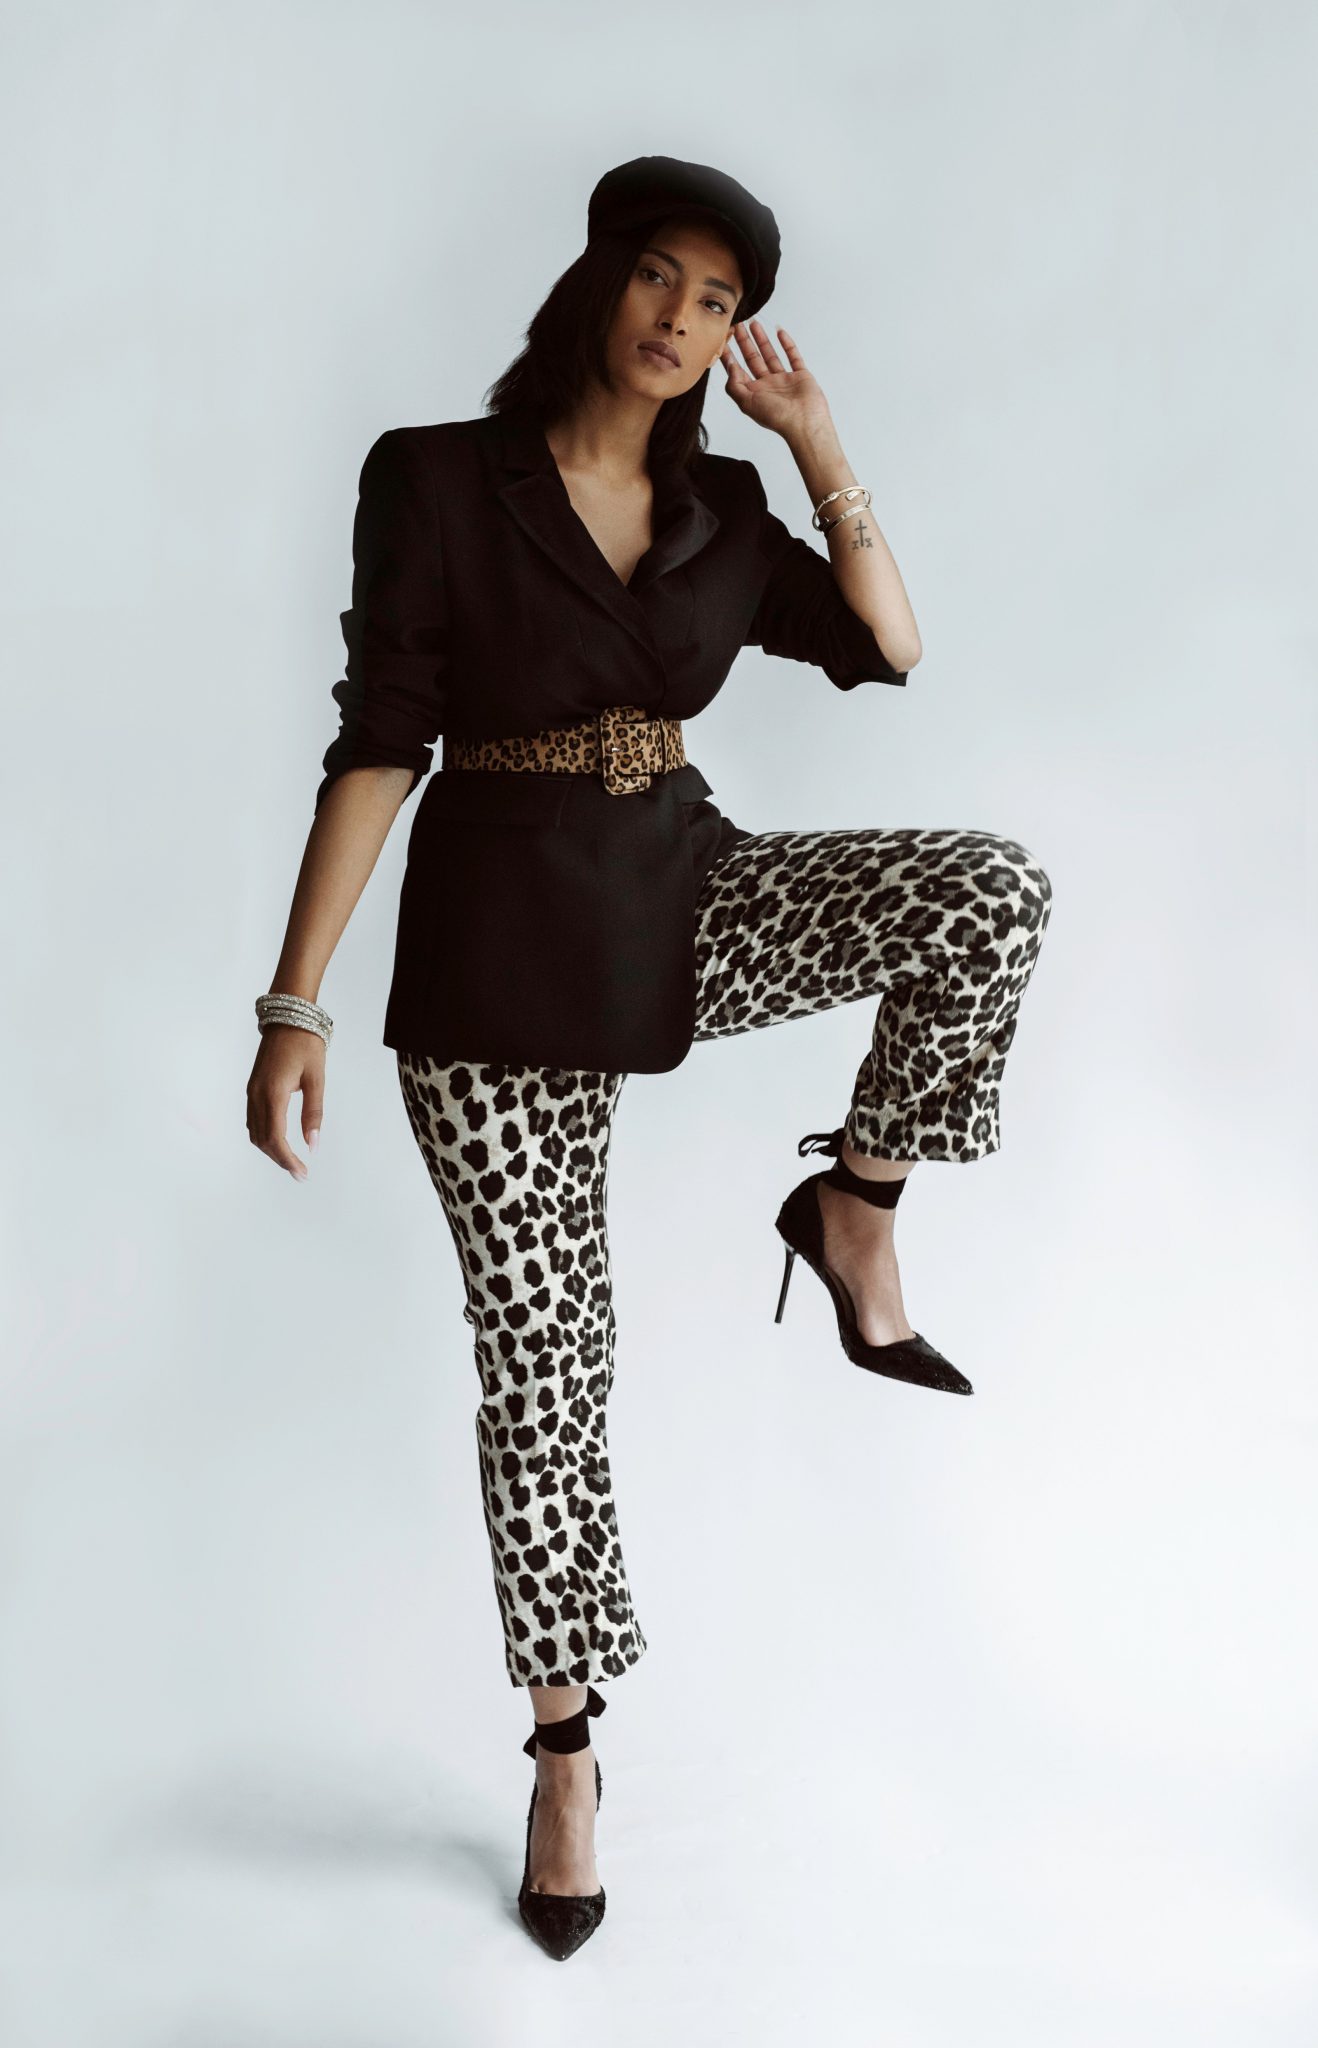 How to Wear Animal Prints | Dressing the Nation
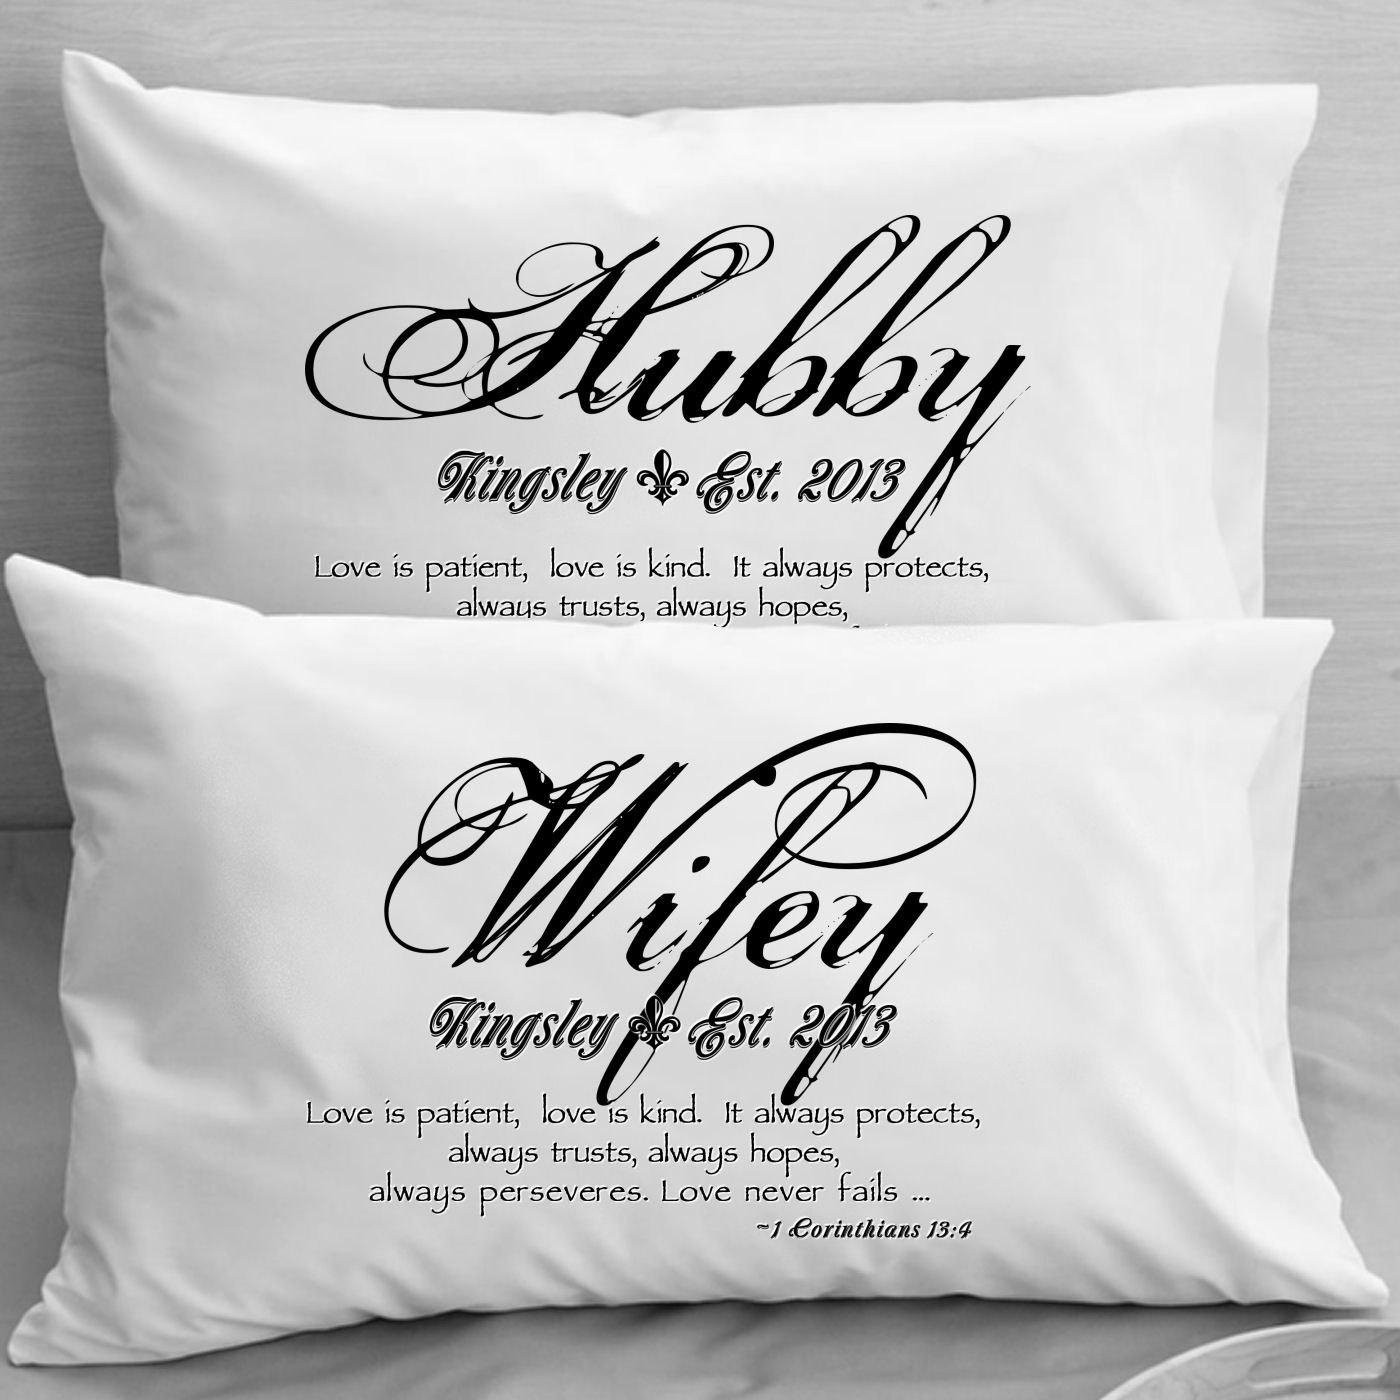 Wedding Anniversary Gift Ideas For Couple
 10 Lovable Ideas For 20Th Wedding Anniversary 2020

- THE TASK: All of the lines above should be retyped precisely, apart from the pictures.

- RESPONSE TO THE EXERCISE:
 How to Wear Animal Prints | Dressing the Nation
 Wedding Anniversary Gift Ideas For Couple
 10 Lovable Ideas For 20Th Wedding Anniversary 2020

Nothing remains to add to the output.